Exercise data Start Marker
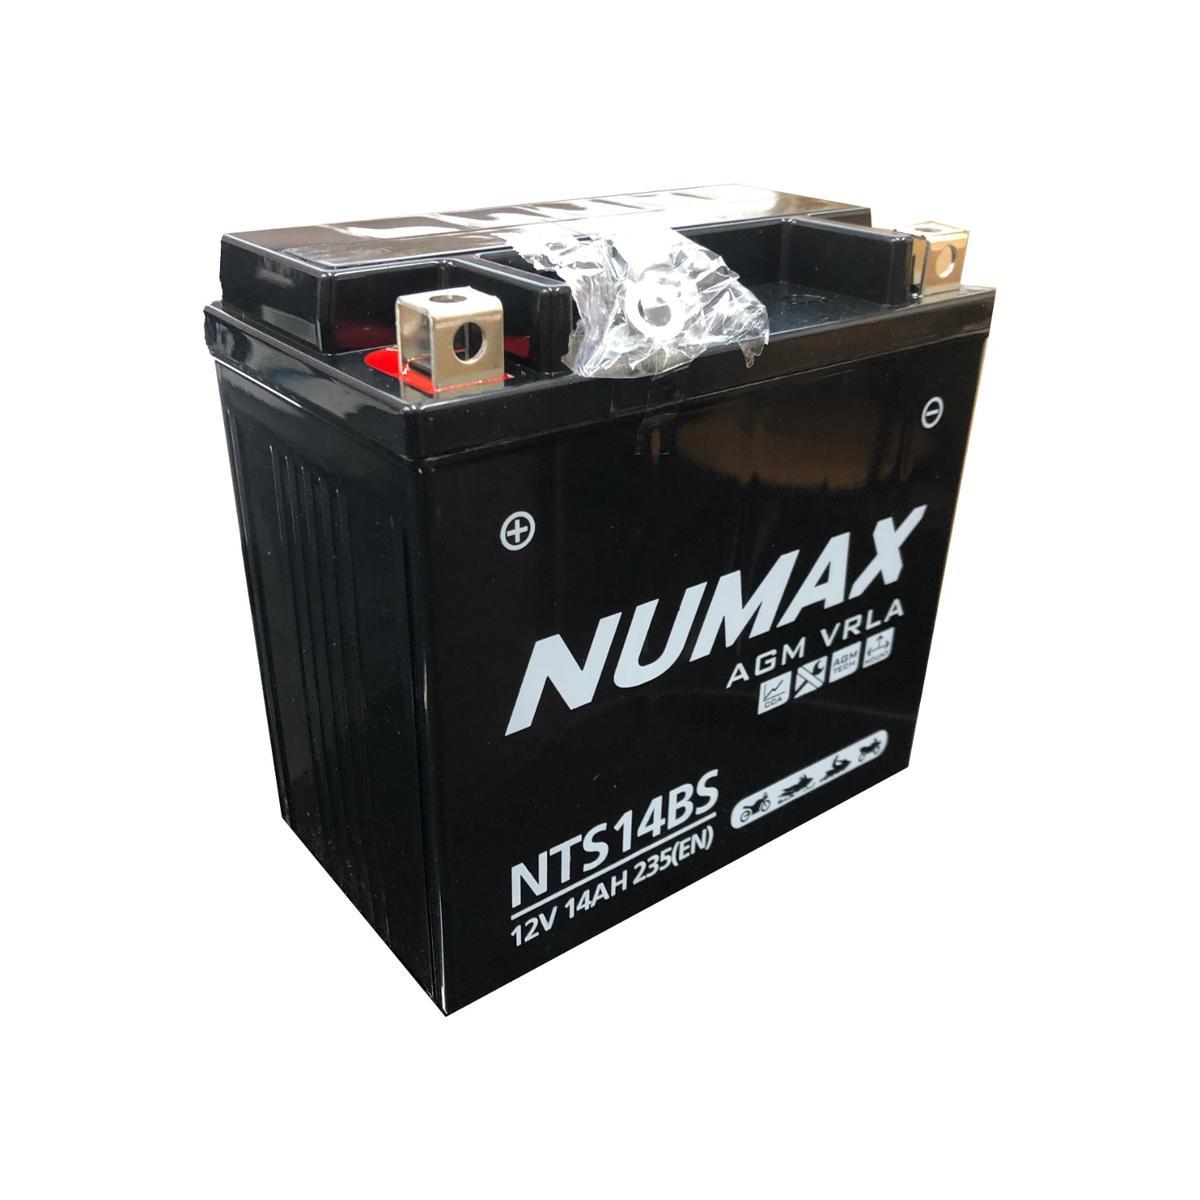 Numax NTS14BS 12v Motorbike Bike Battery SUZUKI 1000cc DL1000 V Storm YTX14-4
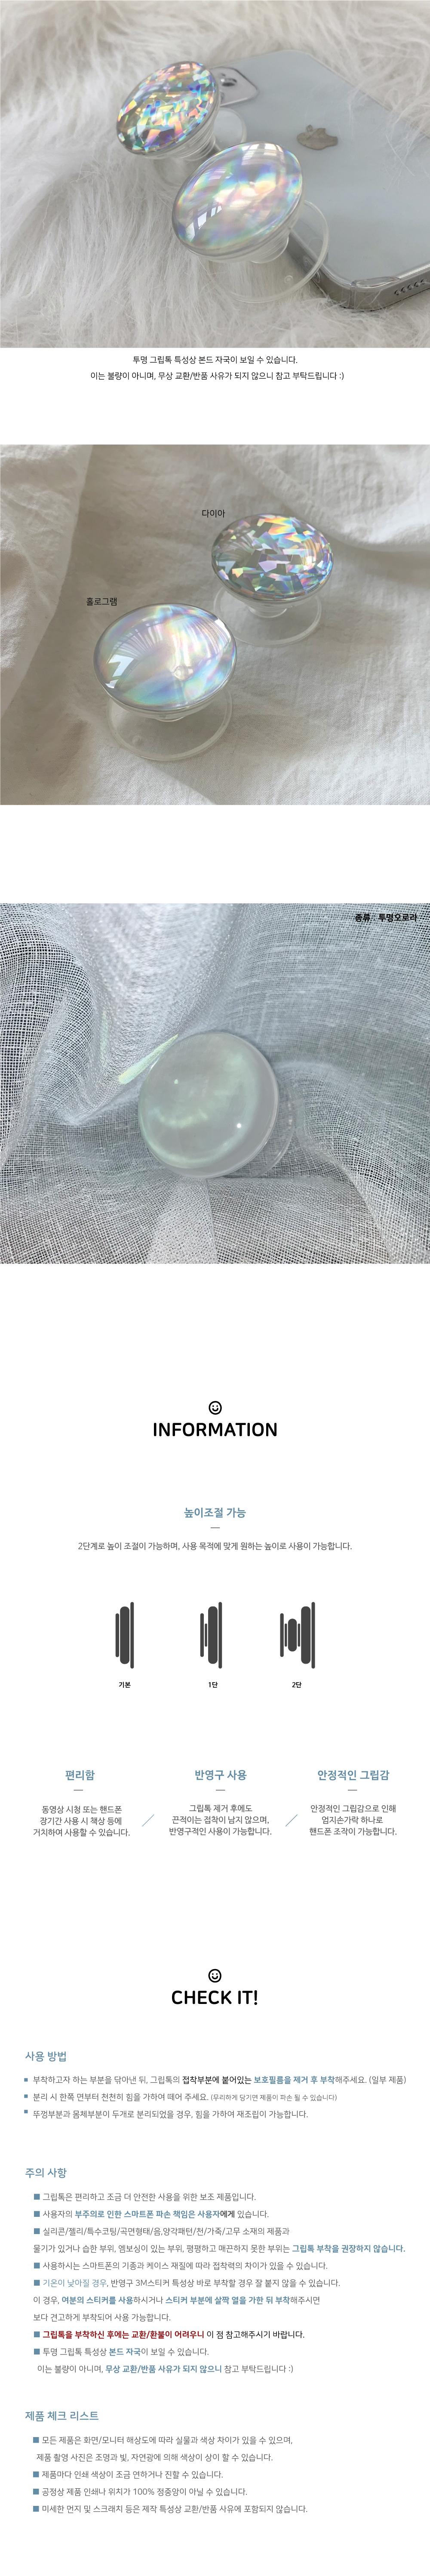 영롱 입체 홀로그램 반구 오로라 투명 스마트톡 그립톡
Exercise data End Marker
Exercise data Start Marker
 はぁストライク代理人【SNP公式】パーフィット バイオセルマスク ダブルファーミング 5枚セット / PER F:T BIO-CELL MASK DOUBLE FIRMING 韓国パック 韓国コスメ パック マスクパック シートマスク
Exercise data End Marker
_What you have to do_. Each line above starting at the one holding "Numax NTS14BS 12v" and ending at the one holding "영롱 입체 홀로그램 반구 오로라 투명 스마트톡 그립톡" should be set down exactly as it stands, both ends included, with no pictures.

_Exercise result_.
 Numax NTS14BS 12v Motorbike Bike Battery SUZUKI 1000cc DL1000 V Storm YTX14-4
 영롱 입체 홀로그램 반구 오로라 투명 스마트톡 그립톡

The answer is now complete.